The amendments also introduce a 50 per cent super profits tax, applicable when the price of the relevant commodity exceeds the anticipated price set out in the feasibility study by 25 per cent.
The Ivory Coast’s amendments include, a variable mining royalty for gold, with rates ranging from 3 per cent if the price of gold is lower than US$1,000/oz, to 5 per cent if higher than US$1,500/oz. The higher rates apply to the entire sale price, not just the portion generated by the corresponding bracket.
Rates for base metals range from 2 per cent to 3.5 per cent depending on whether the substances are raw, concentrate or metal. Rates for other precious metals, solid energy materials and industrial minerals are set at 3.5 per cent, while a 4 per cent royalty applies on fine and precious stones and radioactive substances. Furthermore, a new article provides for a capital gains tax on the assignment of mining titles, calculated according to the Guinea’s general tax code.
Burkina Faso’s amendments adopted by the Council of Ministers provide for the removal of certain tax benefits during the exploitation phase, including the seven-year exemption on the lump sum minimum tax on industrial professions, the licence tax and the employer and apprenticeship tax. In addition, the draft introduces a 20 per cent capital gains tax on the assignment of mining rights.
The reduction of tax stabilisation is a recurring feature of recent mining reforms. Guinea’s mining code offers a stabilisation regime limited to a maximum of 15 years that, except for production and export taxes, only covers the stabilisation of the tax rates – specifically excluding tax bases.
In the DRC, stability would be substantially reduced through the removal of the 10-year stability guarantee, which would be replaced by an undertaking not to amend the mining code for three years. As for companies already holding titles issued under the current code, not only would acquired rights reduced from a 10-year stability guarantee to five, but this protection would only apply if the title holder had secured a minimum investment of US$500 million. The investment should produce high value-added mining products inside the country.
This proposal has of course been met with strong opposition from stakeholders that have invested in the DRC’s mining sector, on the back of a modern and investor-friendly mining code and stability guarantee.
Many of the recent reforms have introduced limitations on the number, area and scope of mining permits.

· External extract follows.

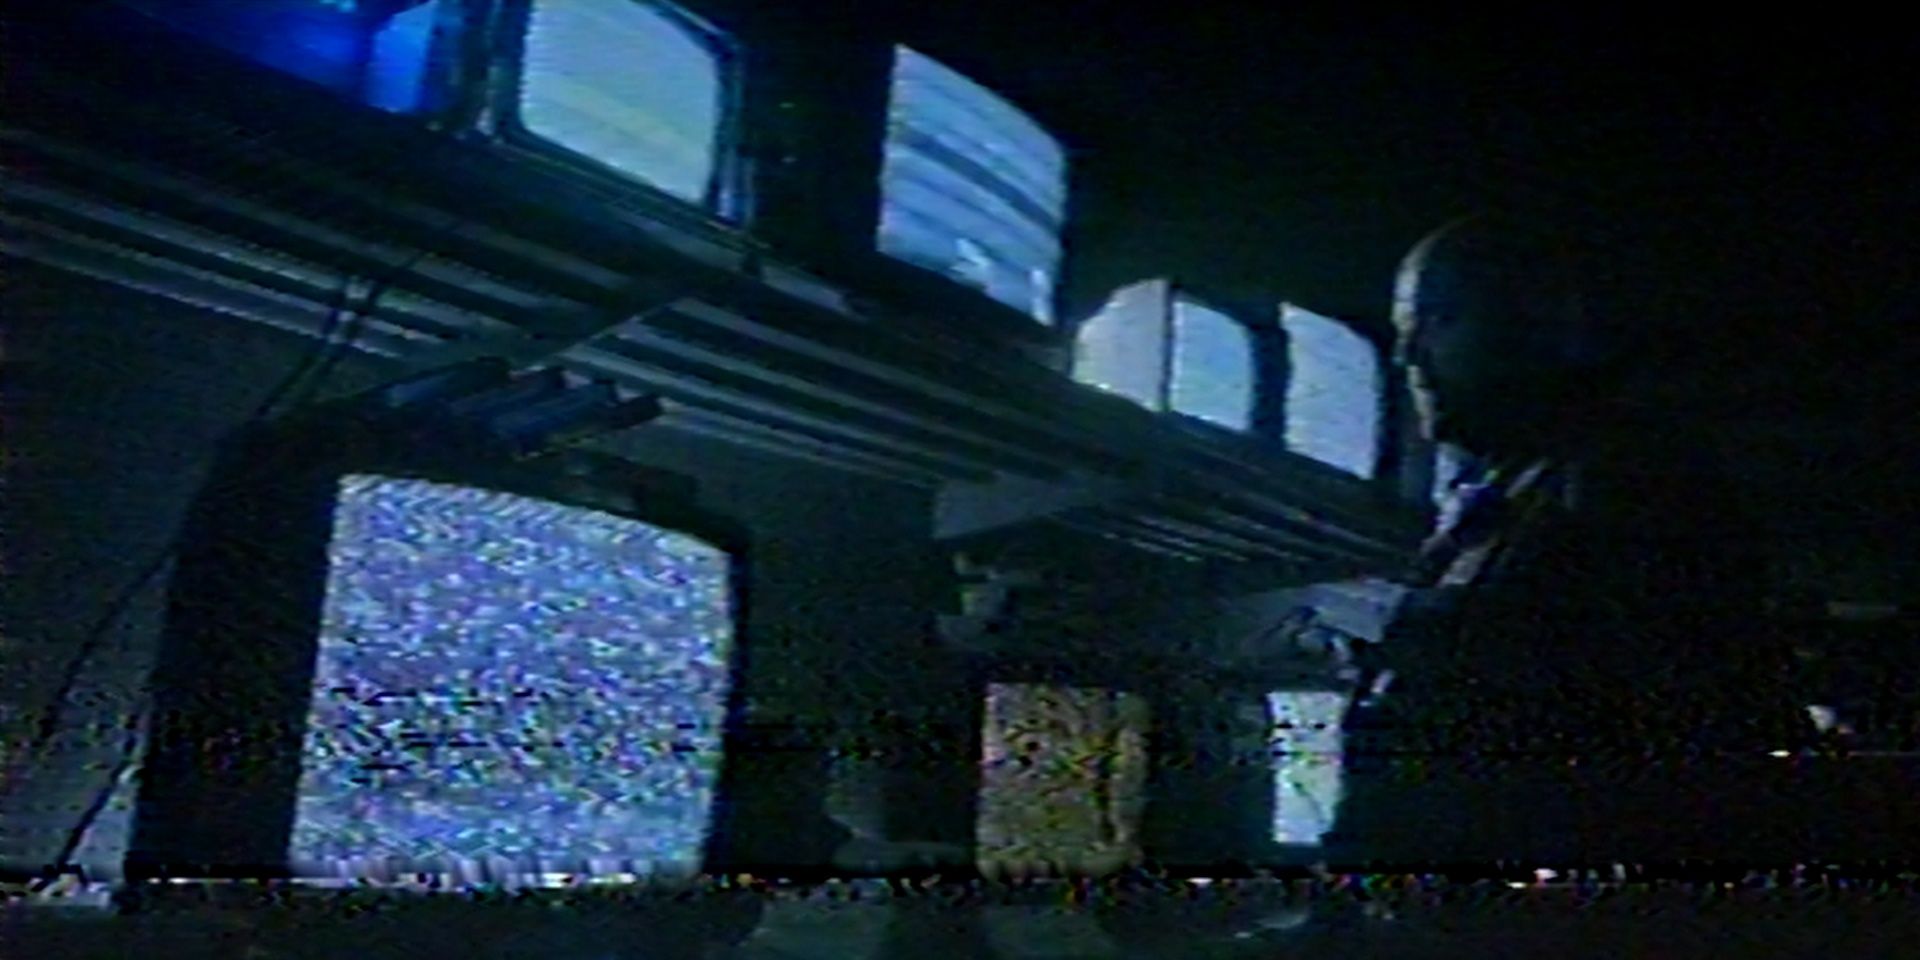 Intimidating TVs blare static in V/H/S/94

For example, Guinea’s mining code provides for substantial restrictions on the land package available for exploration, namely a maximum area of 1,050km squared for bauxite and iron ore and a maximum area of 500km squared for other substances.
In the DRC, the proposed amendments would reduce the exploration timeframe from 15 to 10 years. In addition, while the number of exploration permits that could be held by an entity and its affiliates is maintained at 50, a reduction is proposed on the number of exploitation permits, which is now limited to 10 for each entity and its affiliates.
Along the same lines, the Ivory Coast’s draft amendments provide that exploration permits may only have a maximum area of 400km squared as opposed to the current 1,000km squared.
Moreover, new obligations have been created with regard to the start of work. Guinea’s code provides that exploitation title holders must begin development work within one year, with penalties of US$2 million per month imposed on the holders of mining concessions if they fail to do so.
In addition, it is worth noting that titles may be withdrawn if work has not begun within 18 months of exploitation permits being issued and two years from grant of mining concessions.
Mali has introduced the requirement that exploitation should begin within three years of an exploitation permit being issued. The Ivory Coast proposes to reduce the requirement to start work from one year to six months from the date at which the title is issued.